Tbx5 is required for avian and Mammalian epicardial formation and coronary vasculogenesis.

Circulation research (2014-09-24)
Nata Y S-G Diman, Gabriel Brooks, Boudewijn P T Kruithof, Olivier Elemento, J G Seidman, Christine E Seidman, Craig T Basson, Cathy J Hatcher
ABSTRACT

Holt-Oram syndrome is an autosomal dominant heart-hand syndrome caused by mutations in the TBX5 gene. Overexpression of Tbx5 in the chick proepicardial organ impaired coronary blood vessel formation. However, the potential activity of Tbx5 in the epicardium itself, and the role of Tbx5 in mammalian coronary vasculogenesis, remains largely unknown. To evaluate the consequences of altered Tbx5 gene dosage during proepicardial organ and epicardial development in the embryonic chick and mouse.

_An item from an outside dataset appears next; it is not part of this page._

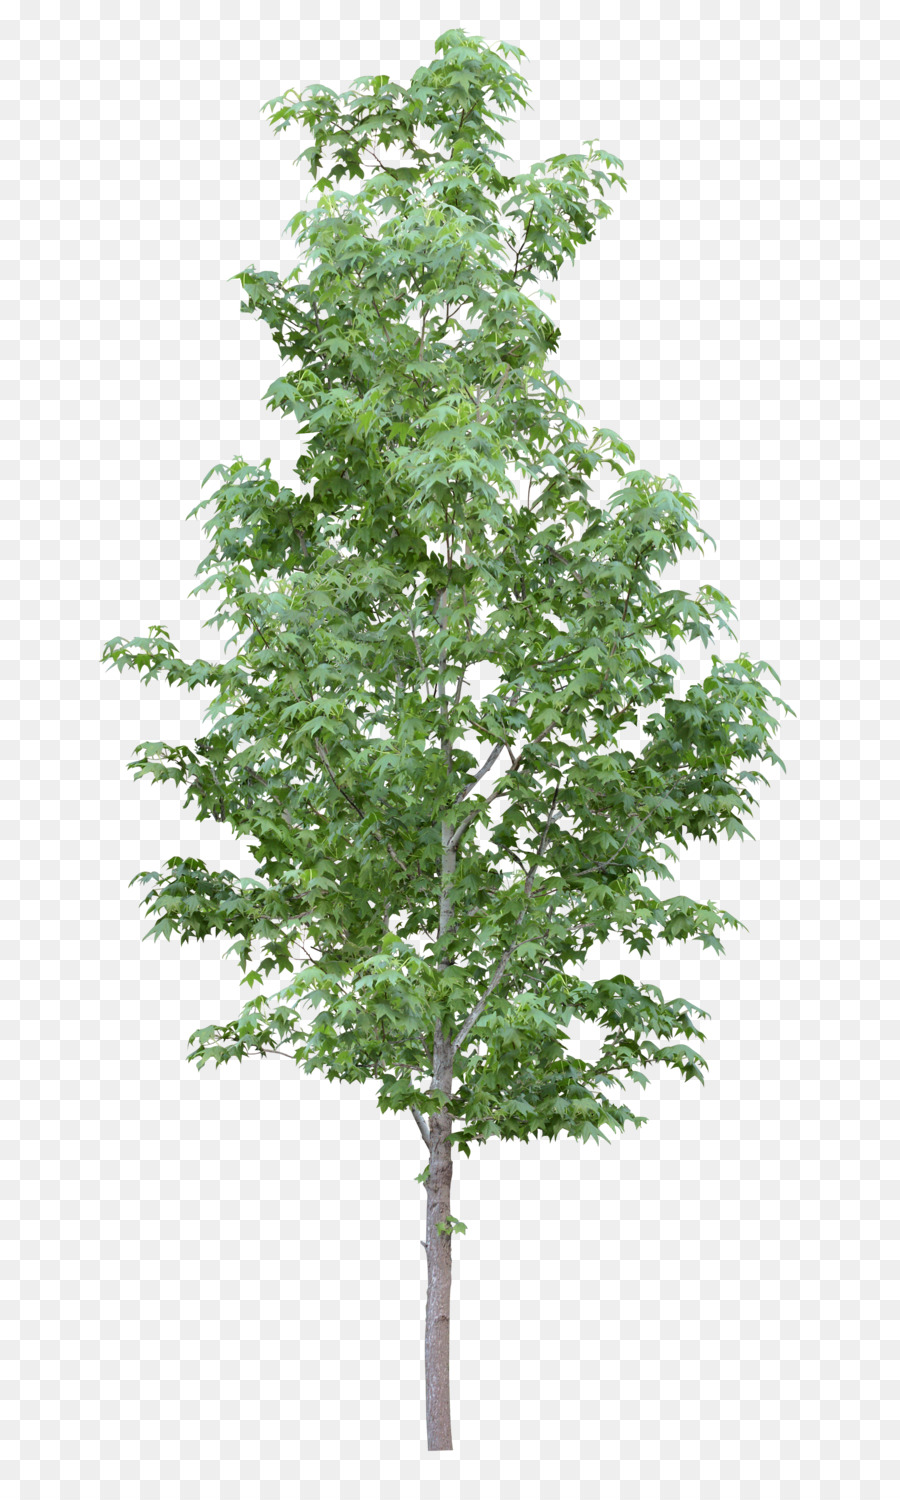 Amelanchier arborea Zweig Baum, Amelanchier lamarckii Strauch - Baum
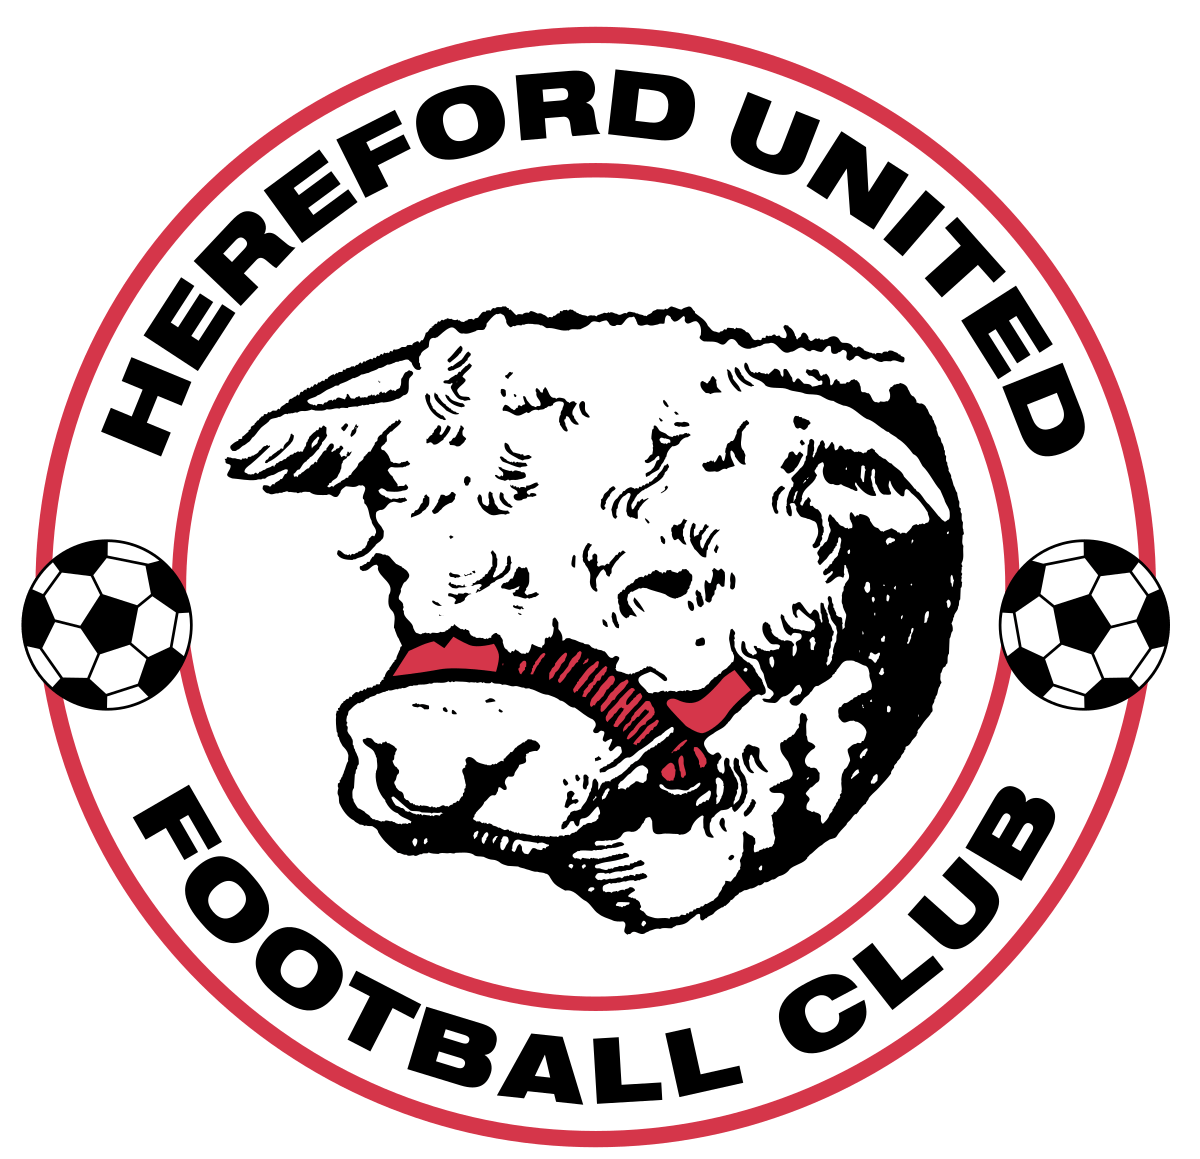 Hereford Logo - Hereford United F.C

Retroviral-mediated knockdown or upregulation of Tbx5 expression in the embryonic chick proepicardial organ and proepicardial-specific deletion of Tbx5 in the embryonic mouse (Tbx5(epi-/)) impaired normal proepicardial organ cell development, inhibited epicardial and coronary blood vessel formation, and altered developmental gene expression. The generation of epicardial-derived cells and their migration into the myocardium were impaired between embryonic day (E) 13.5 to 15.5 in mutant hearts because of delayed epicardial attachment to the myocardium and subepicardial accumulation of epicardial-derived cells. This caused defective coronary vasculogenesis associated with impaired vascular smooth muscle cell recruitment and reduced invasion of cardiac fibroblasts and endothelial cells into myocardium. In contrast to wild-type hearts that exhibited an elaborate ventricular vascular network, Tbx5(epi-/-) hearts displayed a marked decrease in vascular density that was associated with myocardial hypoxia as exemplified by hypoxia inducible factor-1α upregulation and increased binding of hypoxyprobe-1. Tbx5(epi-/-) mice with such myocardial hypoxia exhibited reduced exercise capacity when compared with wild-type mice. Our findings support a conserved Tbx5 dose-dependent requirement for both proepicardial and epicardial progenitor cell development in chick and in mouse coronary vascular formation.